Otherwise, I'm extremely fortunate to have plenty of room, a totally cooperative wife, and enough time and money to enjoy the hobby. 
I'm blessed for sure!
Bob


----------



## Big Ed (Jun 16, 2009)

I guess mine would be, Having the time yourself to devote?



Since 2007, Ghana has become an electricity exporter and since 2011 an exporter of crude oil, and natural gas,[6] and a generator of electricity by thermal energy, hydropower, solar energy and renewable energies since 2012.[7]

https://en.wikipedia.org/wiki/Electricity_sector_in_Ghana

They can export it but turn off the public's electricity?:dunno:

Do you have natural gas to your home?
Do what raleets said get a generator for those times when they cut you off?
Natural gas, propane or even a diesel generator will do for those times?


----------



## johnfl68 (Feb 1, 2015)

Solar power? Use the sun to charge batteries to have power when you don't get it from ECG?


----------



## Big Ed (Jun 16, 2009)

The Hydrogen House.

Be the second to build one?

Where is the first you ask?
Only in New Jersey. 

http://hydrogenhouseproject.org/


----------



## Lee Willis (Jan 1, 2014)

Well, I am pretty heavily into the hobby, so nothing is barring me from participating as much as I do. Factors that limit my enjoyment of the hobby are, or may become:

- Time. Right now i work two to two and a half days a week. I'd prefer not in order to have more time for my trains, but . . . 

- Money may become an issue. Right now, because i am working, I don't really think about adhering to my train budget: if I want it, I just buy it. When I stop working and am really retired, I may have to change that: I will have more time but less money. Not necessarily a bad thing, really. I think I would enjoy it more. 

-Distance - I would enjoy the hobby even more if so many of the other model train enthusiasts I like to get together with and be enthusastic together weren't so dang far away from me.


----------



## gunrunnerjohn (Nov 10, 2010)

Lee, one of the reasons I do upgrades and repairs is to make the train addiction self-sustaining. Being already retired, I have to consider the costs now.

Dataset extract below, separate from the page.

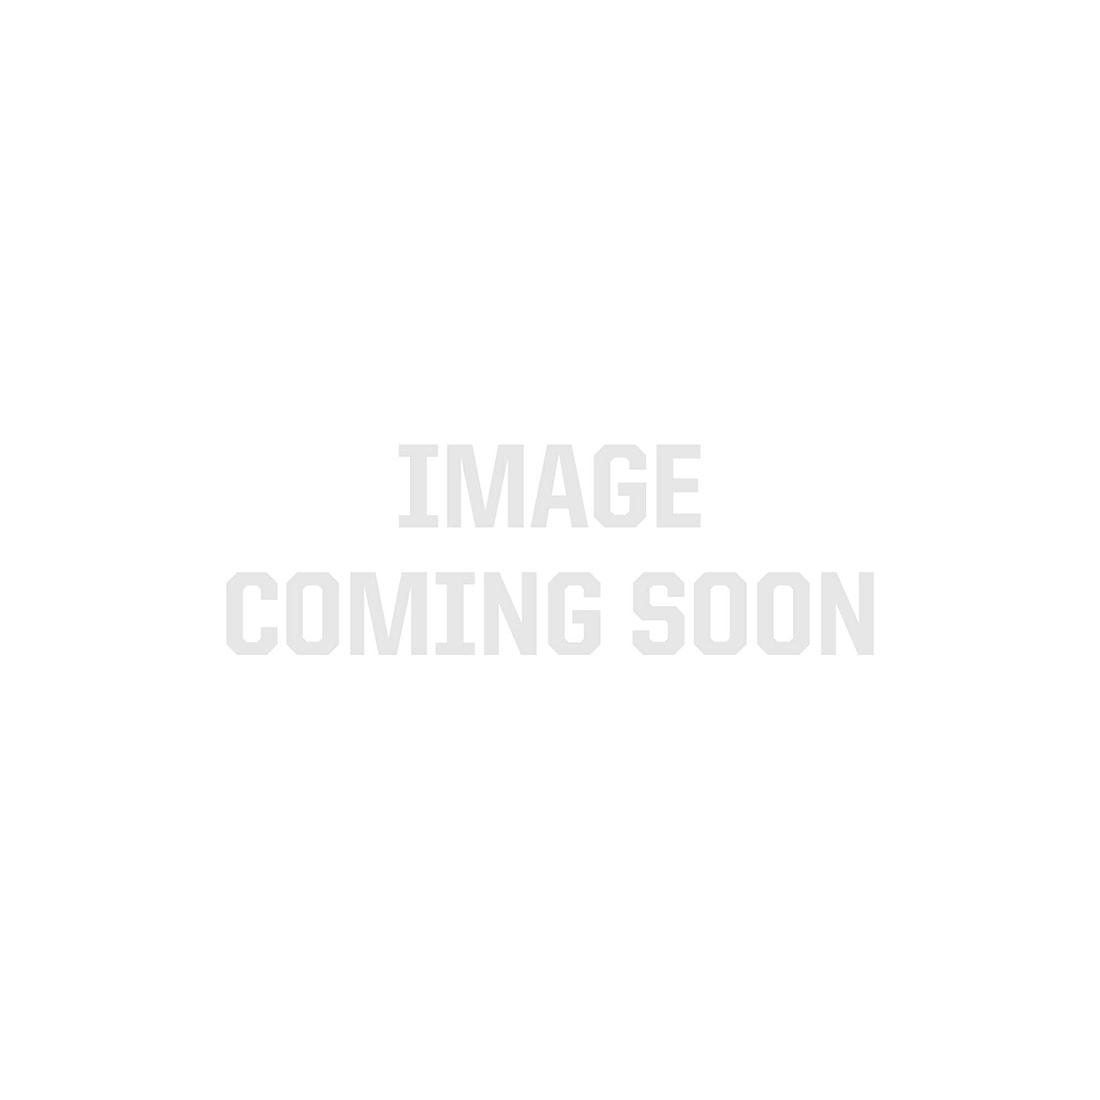 Madrix Key ultimate V3.x (256 DMX universes, 1,310,720 DVI pixels)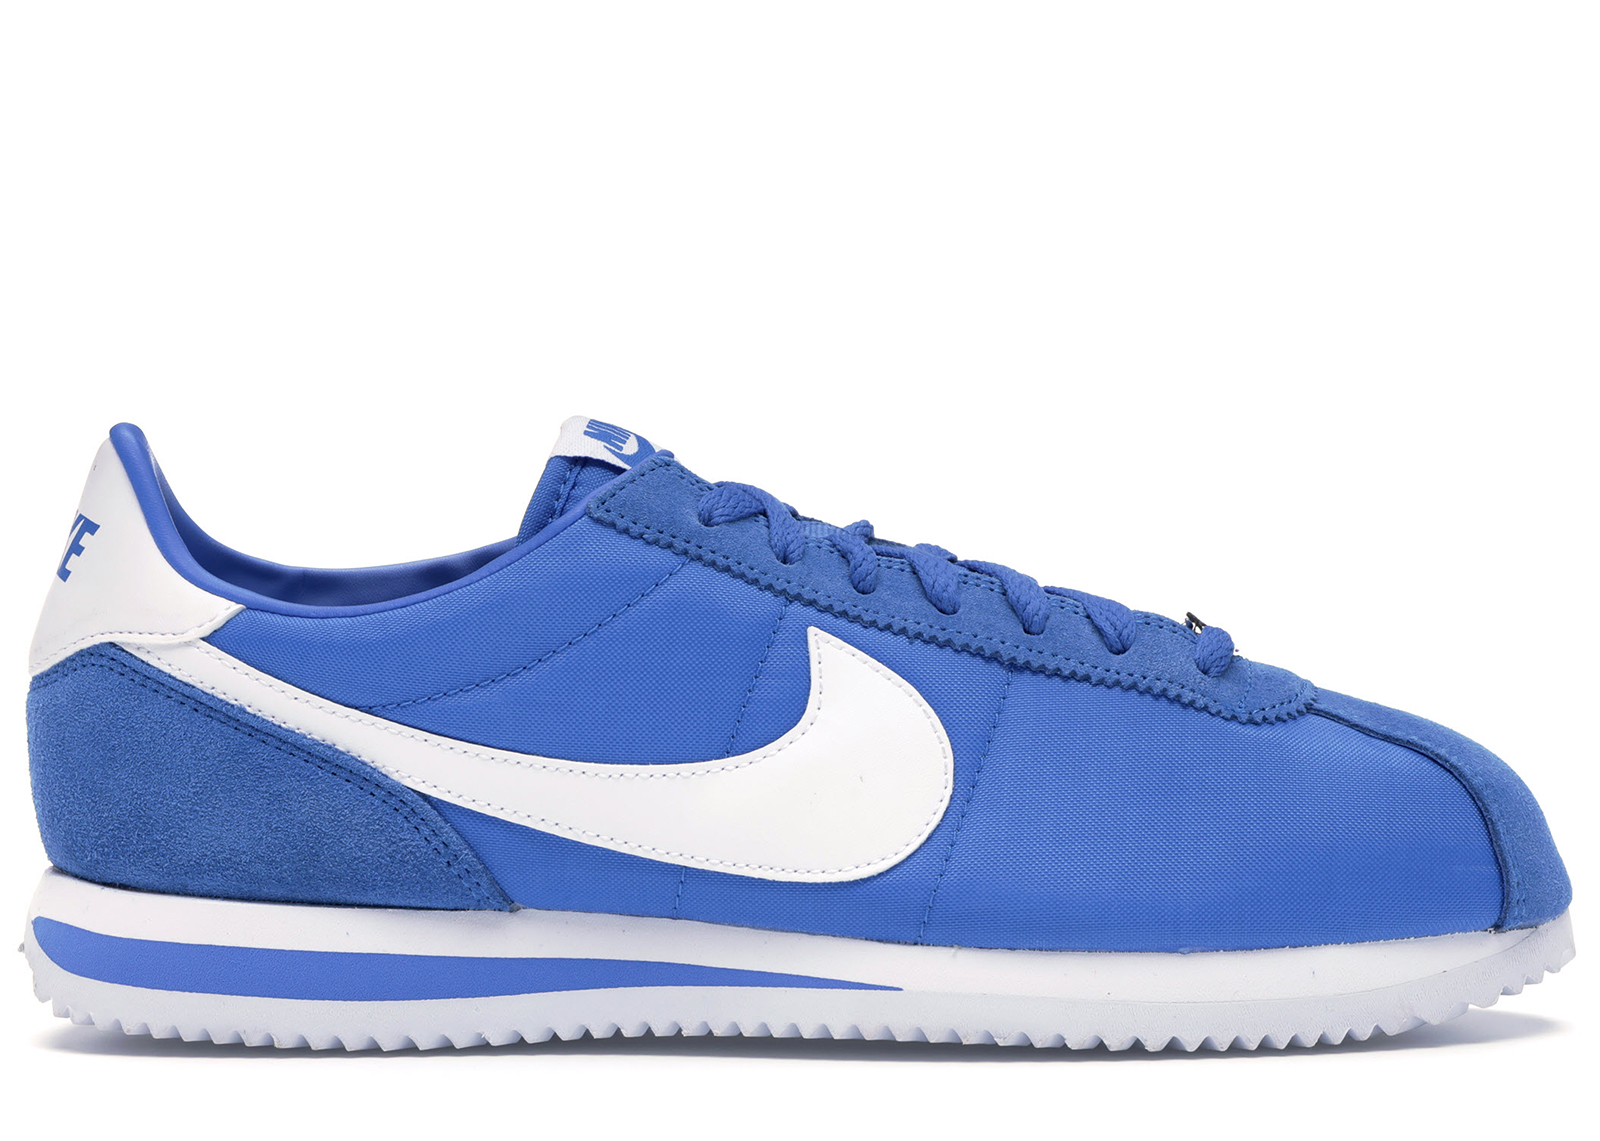 Nike Classic Cortez Nylon Signal Blue - 819720-402

I am lucky to live in the "sweet spot" of East Coast railroading, lots of model train activity right around me.


----------



## Prewar Pappy (Jul 26, 2015)

*No Electricity? There Are Alternatives*

Cycleops,
For Goodness Sakes....Don't give up.

There are so many different makes of prewar and postwar clockwork.:thumbsup:

Right now I'm fighting four children still trying to run my life. I guess they're wanting to get even with me. They should stop and think about who paid for their college.


----------



## CTValleyRR (Jul 26, 2014)

The bar my wife hits me with when I overspend my hobby budget is pretty big.... 

Seriously, though, the biggest problem I have is time. In addition to a full time job, I'm also a boy scout leader and have some other hobbies. I'm also splitting my model railroading time between working on my own layout and helping my youngest son with his.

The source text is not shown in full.